4. The probabilities decrease with increasing X so the slope must be negative. The first 1 is concordant with all the 6 0s to its right on the X axis (below it in the list). The next 1 is concordant with the 5 0s to its right and the other two 1s each give 4 concordant pairs for 6+5+4+4=19 concordant pairs in all. Even though there are two observations at X=15, they both have Y=0 and are not counted in the pairs having Y=1 for one element and Y=0 for the other. Thus there are no ties and with 4 1s and 6 0s there are 24 total pairs. With no ties, 24-19=5 of them must be discordant.
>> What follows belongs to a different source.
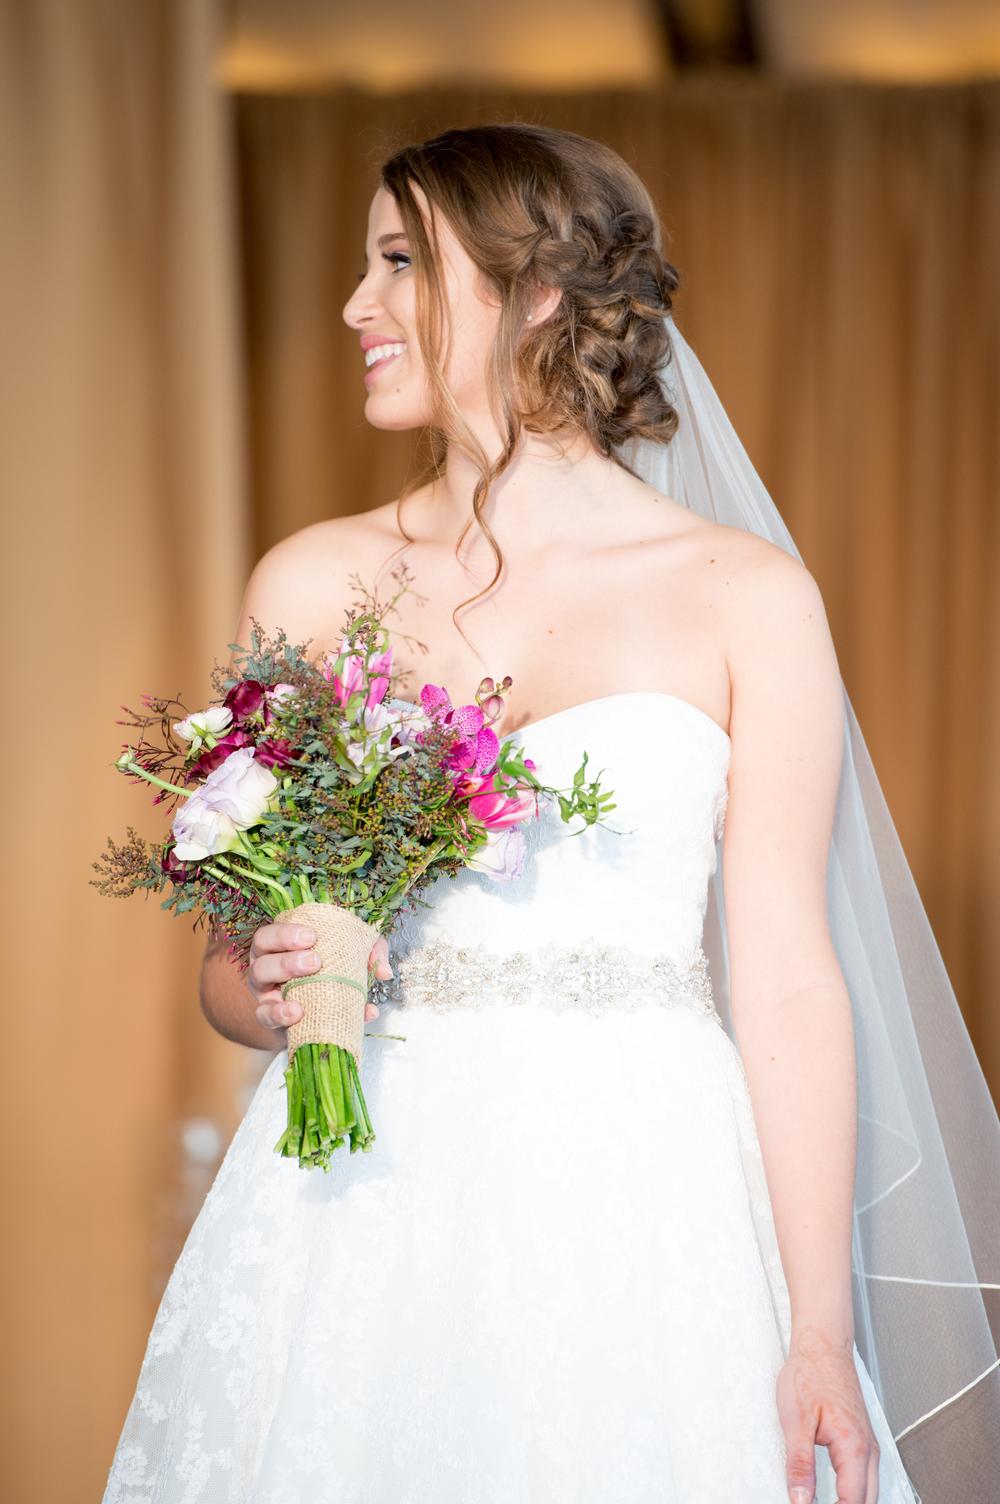 Model: Nicole Rizzuti //  Hair: Jennifer Singleton | Umbrella Salon //  Make-Up: Jennifer Imbat //   Photography:  Khiem Hoang

Column C: # 0s below each 1

Column D: # 1s below each 0

C D

Obs X Y p_hat

1 2 1 6 0.77

2 3 0 0.73 3

3 7 1 5 0.55

4 9 0 0.45 2

5 10 1 4 0.40

6 12 1 4 0.31

7 13 0 0.27 0

8 15 0 0.20 0

9 15 0 0.20 0

10 19 0 0.10 0

19 5

The 25th percentile cuts off the first two observations where the response rate is 0.50 whereas the overall response rate is 0.40 so the lift is the ratio 0.50/0.40 = 1.25 (and the gain is 25%). Using a cutoff at X=11, we correctly identify the first 3 ones (they have X<11) so we’ve identified 3 of the 4 Y=1 values for a sensitivity of 0.75, the vertical coordinate. For X larger than 11, there are 4 of the 6 Y=0 values so we have specificity 2/3 and thus the horizontal coordinate is 1/3.